April 2 (Bloomberg) -- Emerging stocks fell a second day as disappointing Chinese earnings and tensions on the Korean peninsula overshadowed gains in eastern European equities. Brazilian shares slumped the most in six weeks.
China Citic Bank Corp. dropped the most since June in Hong Kong as earnings missed analyst estimates. STX Offshore & Shipbuilding Co. tumbled 15 percent in Seoul as it’s seeking to restructure debt. The won weakened a second day after North Korea said it will restart nuclear facilities. Benchmark gauges in the Czech Republic and Hungary rallied, while homebuilder Brookfield Incorporacoes SA paced losses in Brazil.
The MSCI Emerging Markets Index lost 0.2 percent to 1,029.10 in New York. More than 55 percent of companies on the index that reported annual earnings this year trailed analysts’ estimates, data compiled by Bloomberg show. North Korea will restart all facilities at the Yongbyon nuclear site, according to the official Korean Central News Agency.
“Chinese companies have had some negative earnings surprises as they adjust to a more moderate growth environment,” Timothy Ghriskey, the chief investment officer at Solaris Group LLC in New York, which manages about $2 billion, said by phone. “Korea has a geopolitical issue that’s adding to the risk sentiment for emerging markets in general.”
Commodity and industrial companies in the MSCI Emerging Markets Index slid the most among 10 groups. The broader measure has slipped 2.5 percent this year, compared with a 7.2 percent gain in the MSCI World Index of developed-country stocks. The developing-nations gauge trades at 10.7 times projected 12-month earnings, compared with the MSCI World’s multiple of 13.9, according to data compiled by Bloomberg.
The iShares MSCI Emerging Markets Index exchange-traded fund, the ETF tracking developing-nation shares, gained less than 0.1 percent to $42.33. The Chicago Board Options Exchange Emerging Markets ETF Volatility Index, a measure of options prices on the fund and expectations of price swings, fell 2.3 percent to 17.77.

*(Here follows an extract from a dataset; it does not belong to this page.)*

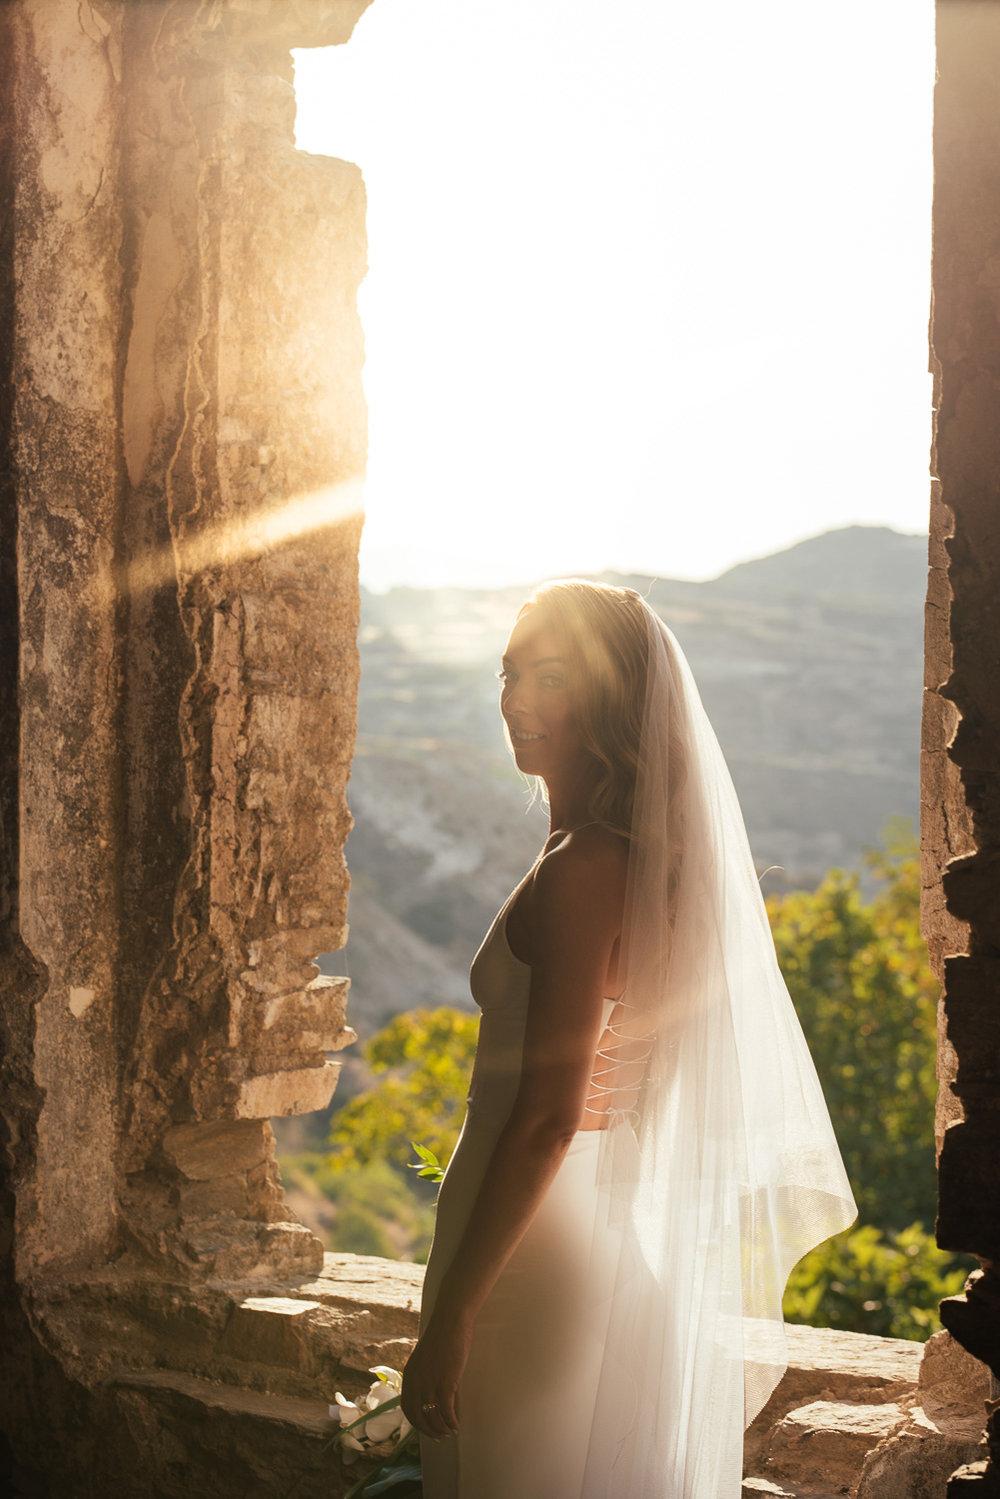 Naxos-Wedding-Marq-Riley-44-lorraine-ciaran-naxos-0326-Q1P_7426-.jpg
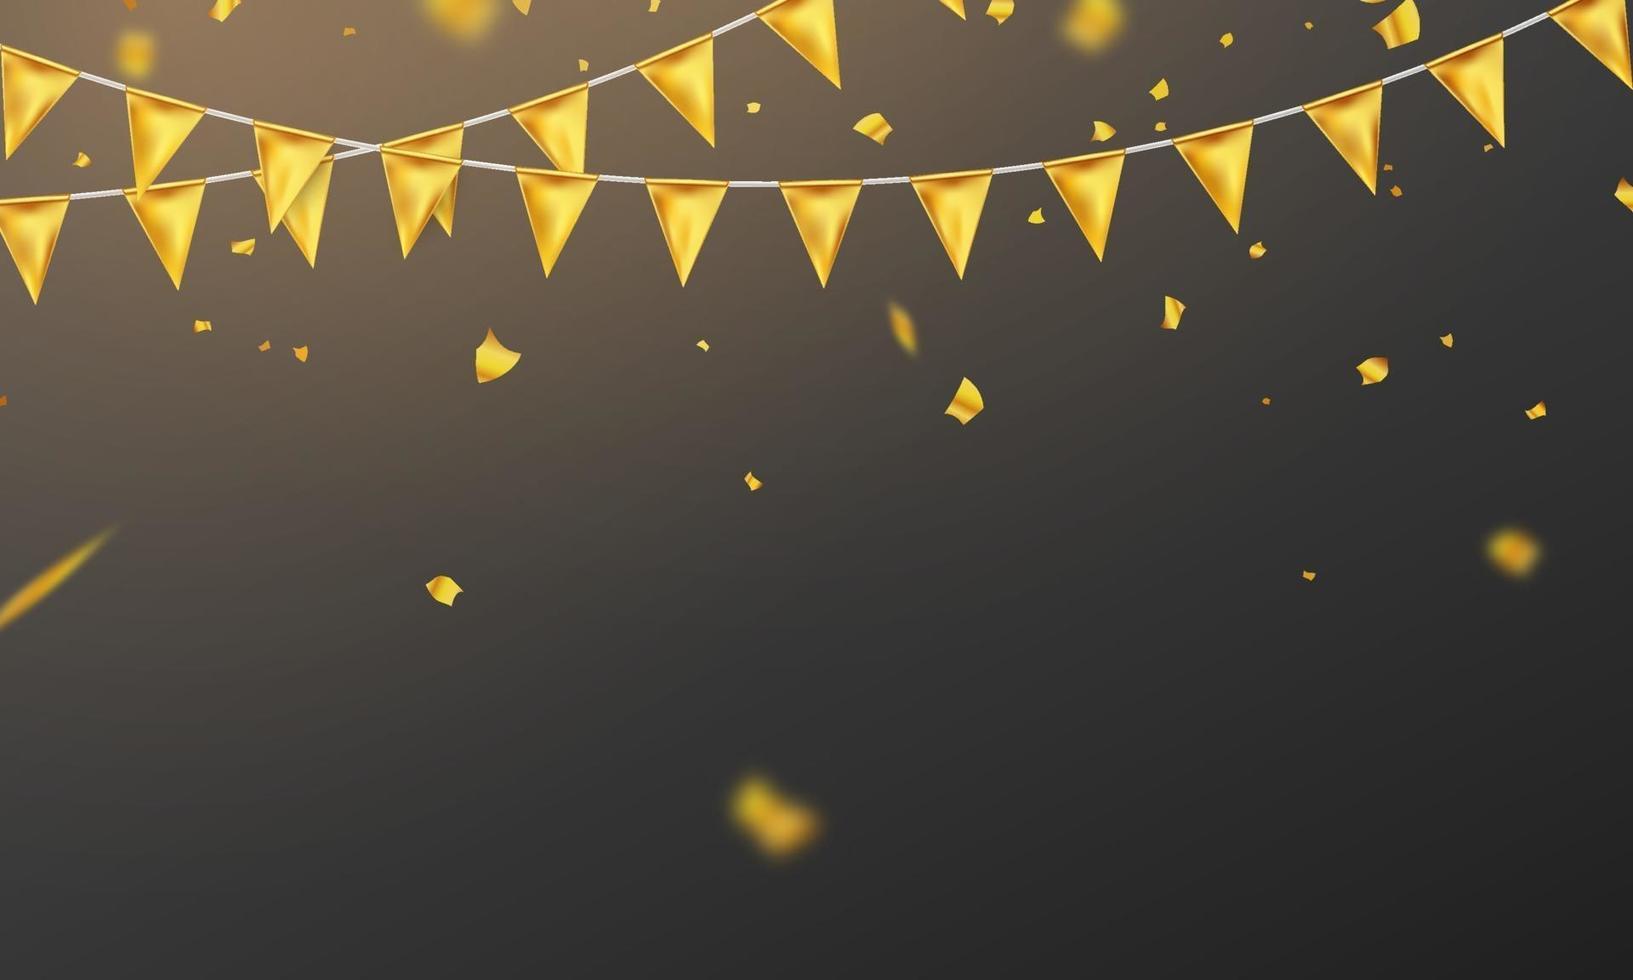 flagga guld konfetti koncept design mall helgdag, bakgrund firande vektorillustration. vektor

Brazil’s Bovespa index dropped 1.8 percent, the steepest decline since Feb. 20. Brookfield tumbled 9 percent to a four-year low. Steelmaker Usinas Siderurgicas de Minas Gerais SA fell 4.1 percent.
The Mexican IPC Index gained 0.4 percent as U.S. stocks rose amid data showing factory orders at the world’s largest economy advanced the most in five months in February.
Russian shares advanced on speculation the country’s depositors won’t suffer severe losses in Cyprus’s debt crisis and as the central bank signaled it may cut its main rates. The Micex Index added 0.1 percent. OAO Sberbank, Russia’s largest lender, rose 0.9 percent.
Benchmark gauges in Hungary and the Czech Republic gained at least 1.3 percent, as trading resumed after a holiday weekend. Istanbul’s ISE National 100 Index fell 0.1 percent.
Chinese stocks fell to a three-month low as health-care companies slumped. The Hang Seng China Enterprises Index of mainland companies listed in Hong Kong slid 0.8 percent. China Citic Bank tumbled 6 percent. Angang Steel Co. shares gained 13 percent in Hong Kong, the most since December 2011 for the biggest advance in the emerging markets gauge.
South Korea’s Kospi Index dropped 0.5 percent. STX Offshore slumped by its 15 percent daily limit, the biggest decline since its listing in October 2003.
The extra yield investors demand to own emerging-market debt over U.S. Treasuries fell four basis points, or 0.04 percentage point, to 304 basis points, according to JPMorgan Chase & Co.’s EMBI Global Index.